4. Water Quality at the PCJ Basin
4.1. Case Study Description
- Data collection: Official data were collected from the Infoáguas Online System (https://sistemainfoaguas.cetesb.sp.gov.br/), accessed on 2 February 2024. The data download encompassed the interval from 2011 to 2017, considering all stations and cities in the PCJ basin. Then, the stations located near the cities with the highest demand for irrigation were selected (as not all regions in the basin have a high demand for water for irrigation purposes). Figure 3 contains the map of the PCJ basin, illustrating the location of the stations. Although not present in the dataset, Madeira et al. [53] indicated that rivers are very high-risk quotients for pesticides and industrial chemicals, and close to 45 contaminants are present in the PCJ basin, located in an agricultural and industrial area.
- The selection of the most important years for analysis: The SSFI was used to select one hydrological year for each type: higher streamflow (2011–2012, which we called ‘flood’); average streamflow (2012–2013, which we called ‘average’); and lower streamflow (2014–2015, which we called ‘drought’). The domain experts then validated these choices. Figure 4 illustrates the SSFI calculated for the whole dataset, emphasizing the selected years.
- Data preprocessing for each station: As the data were already available after an initial preprocessing, no missing data were identified. First, we aggregated the data monthly. Additionally, considering the accepted intervals for the most important indices available on the dataset, no incorrect data were detected.
- Relevant quality metrics calculation: After consulting the domain experts and evaluating the data available for each quality metric, we decided to consider four relevant metrics [23,26,30,33,54] divided into two groups: (i) soil-related metrics: pH and electrical conductivity EC of water; and (ii) irrigation system-related metrics: total iron Fe, hardness, biochemical oxygen demand (BOD), and the concentration of thermotolerant coliforms (TtC). Other important metrics were lacking for most of the dataset or could not be calculated (such as the case for SAR).
- Exploratory data analysis: In this step, three analyses were conducted for all parameters for each year and season: an (i) analysis of statistical information, considering the mean, median, standard deviation, minimum, and maximum values; (ii) analysis of distribution using a kernel density estimate (KDE) plot; and (iii) analysis of potential outliers using a boxplot.
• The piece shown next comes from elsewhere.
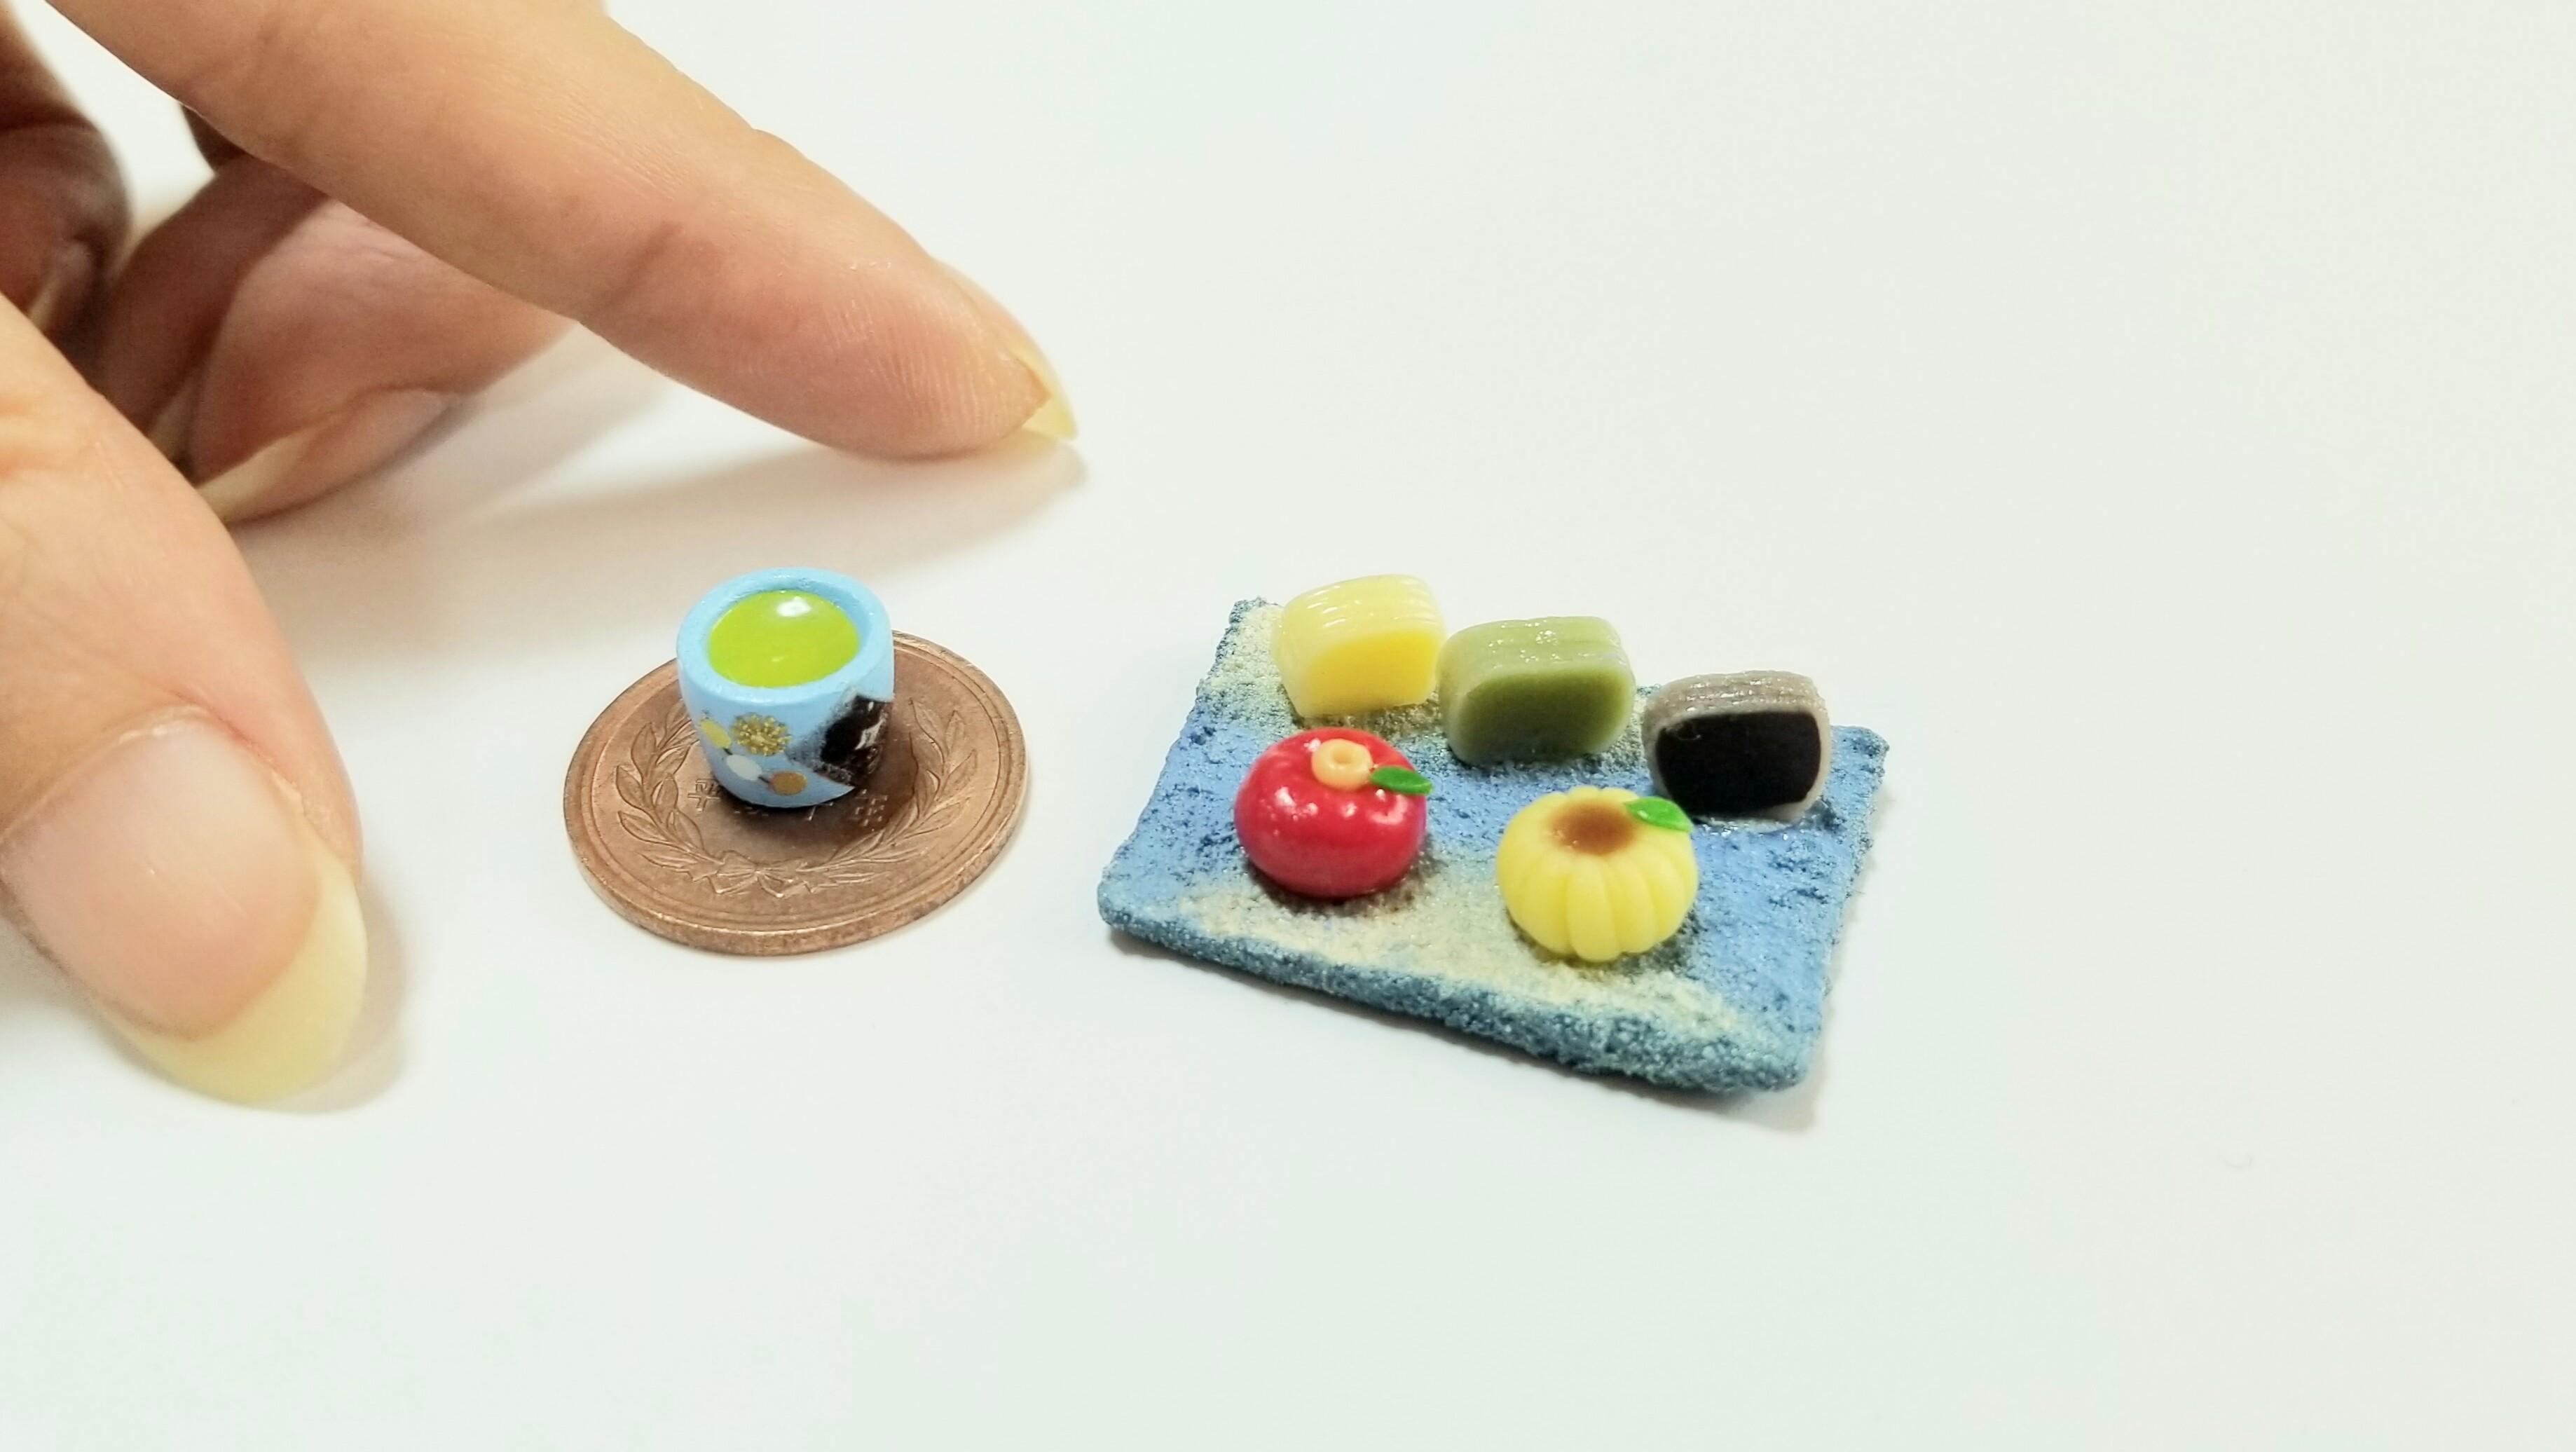 小さなかわいいハンドメイド小物樹脂粘土作家インスタグラム人気有名

Additionally, maps were generated for all parameters for each year and season, separating the values into four quartiles.
- Scenario generation: Three scenarios (S) were generated for each dataset (flood, average, drought) related to different metrics used as inputs for the clustering of each year. Table 2 contains the scenarios evaluated, considering their inputs and datasets.
- Unsupervised learning model implementation: The k-means method is the most used clustering technique, spanning over 50 years of applications [55,56]. Therefore, it was used in the case study explored in this paper. According to Jain [55] and Steinley [56], the k-means technique has three main steps: (i) creating points to use as cluster centers in an n-dimensional space (the number of dimensions depends on the number of features on the dataset); (ii) associating all points in the dataset with the closest cluster centers (considering a specified distance metric); and (iii) recalculating the cluster centers, considering the new associations. Steps (ii) and (iii) are repeated until a stop criterion is met. This clustering method was implemented in the three scenarios. The most important hyperparameter for defining for the k-means method is the number of clusters or k. To define this hyperparameter for each scenario, three traditional methods were used: the elbow method, the dendrogram, and the silhouette score.
- Map generation: Maps were generated for all the inputs for each season, as well as for the results of the clustering implementation for each scenario.
- Result analysis: Two domain experts from the hydrology and irrigation domains evaluated the results generated in Steps 5, 7, and 8 while also evaluating the usefulness of the proposed methodology in relation to traditional analyses.
4.2. Exploratory Data Analysis
4.3. Result Analysis and Domain Expert Validation
5. Discussion
6. Conclusions and Future Works
Author Contributions
Funding
Institutional Review Board Statement
Informed Consent Statement
Data Availability Statement
Conflicts of Interest
References
- Zuffo, A.C.; Duarte, S.N.; Jacomazzi, M.A.; Cucio, M.S.; Galbetti, M.V. The Cantareira System, the Largest South American Water Supply System: Management History, Water Crisis, and Learning. Hydrology 2023, 10, 132. [Google Scholar] [CrossRef]
- Lopes, T.R.; Folegatti, M.V.; Duarte, S.N.; Moster, C.; Zolin, C.A.; Oliveira, R.K.; Moura, L.B. Economic value of environmental services regulating flow and maintaining water quality in the Piracicaba River basin, Brazil. J. Water Resour. Plan. Manag. 2023, 149, 05023008. [Google Scholar] [CrossRef]
- Laaraj, M.; Benaabidate, L.; Mesnage, V.; Lahmidi, I. Assessment and modeling of surface water quality for drinking and irrigation purposes using water quality indices and GIS techniques in the Inaouene watershed, Morocco. Model. Earth Syst. Environ. 2024, 10, 2349–2374. [Google Scholar] [CrossRef]
- Wu, B.; Tian, F.; Zhang, M.; Piao, S.; Zeng, H.; Zhu, W.; Liu, J.; Elnashar, A.; Lu, Y. Quantifying global agricultural water appropriation with data derived from earth observations. J. Clean. Prod. 2022, 358, 131891. [Google Scholar] [CrossRef]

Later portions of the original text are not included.